**What you should do**
Only one stretch of the data is wanted: the line containing "American Beautiful Janus", the line containing "Cream Elegance: A", and every line between them, copied exactly.

START Entries supplied

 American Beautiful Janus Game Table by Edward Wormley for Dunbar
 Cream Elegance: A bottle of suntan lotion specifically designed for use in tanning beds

END Entries supplied
START Entries supplied

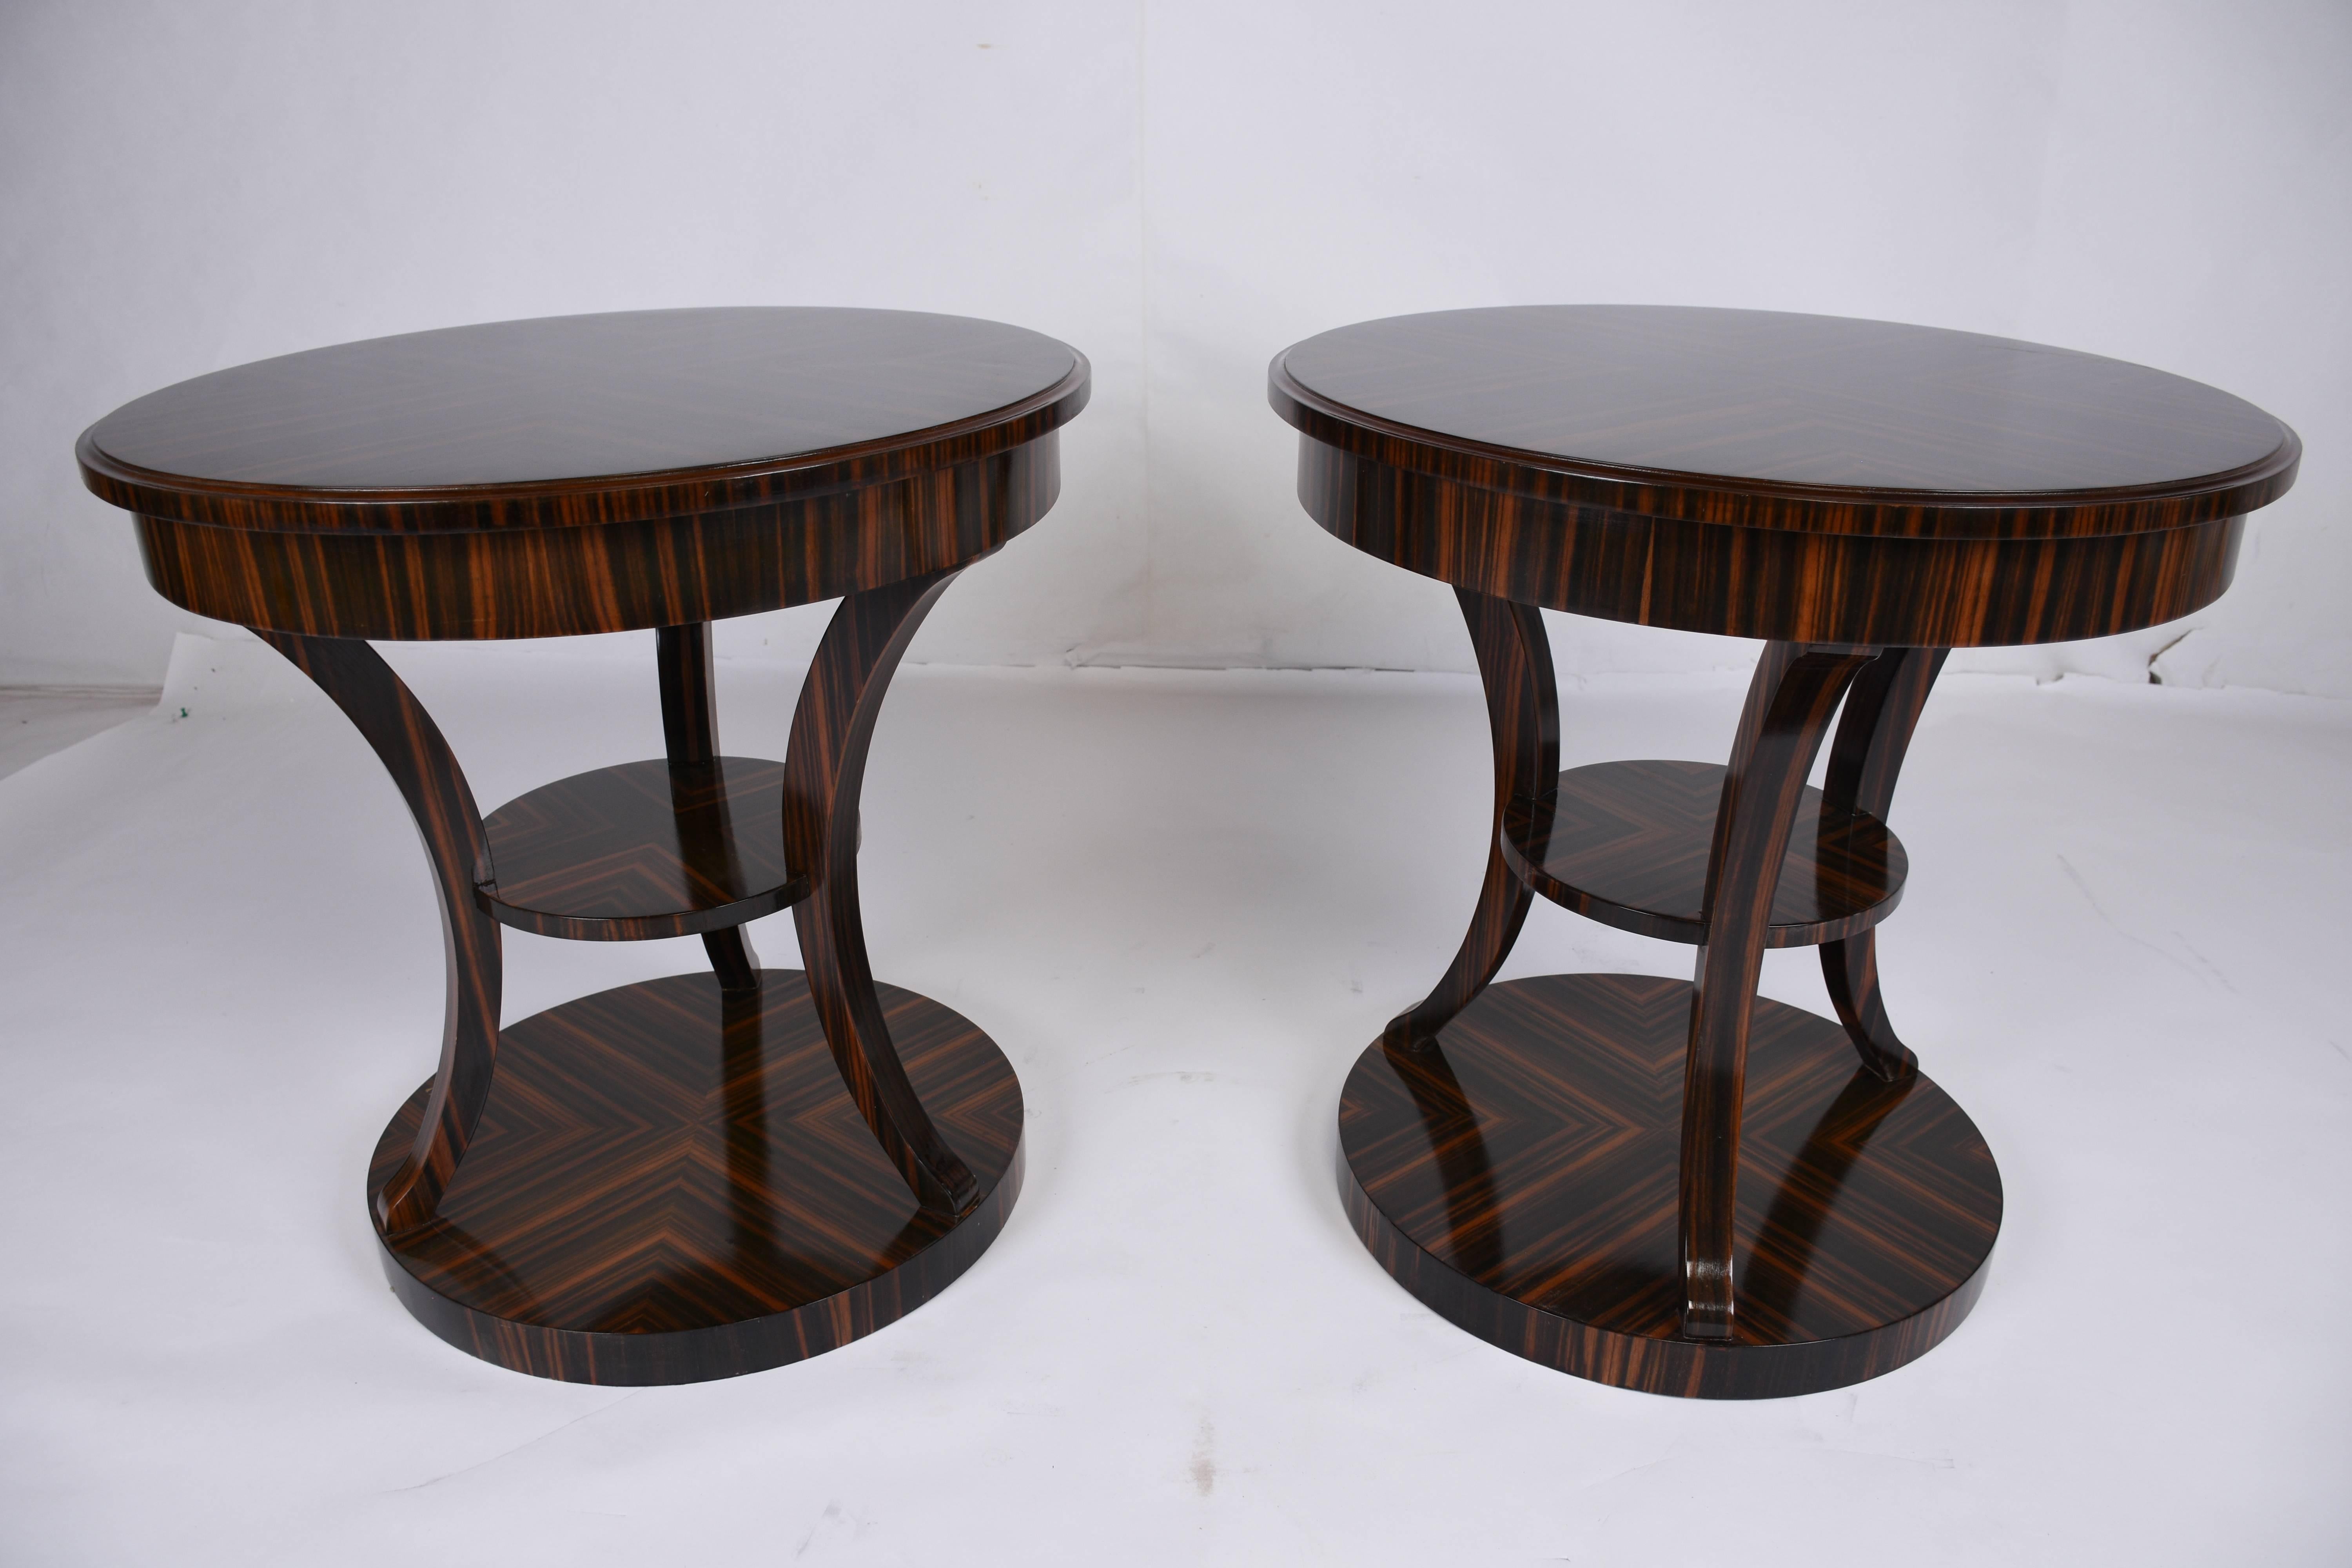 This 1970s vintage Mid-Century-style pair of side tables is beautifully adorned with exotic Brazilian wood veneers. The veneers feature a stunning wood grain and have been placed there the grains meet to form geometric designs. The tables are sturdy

END Entries supplied

**Exercise answer**
 American Beautiful Janus Game Table by Edward Wormley for Dunbar
 Cream Elegance: A bottle of suntan lotion specifically designed for use in tanning beds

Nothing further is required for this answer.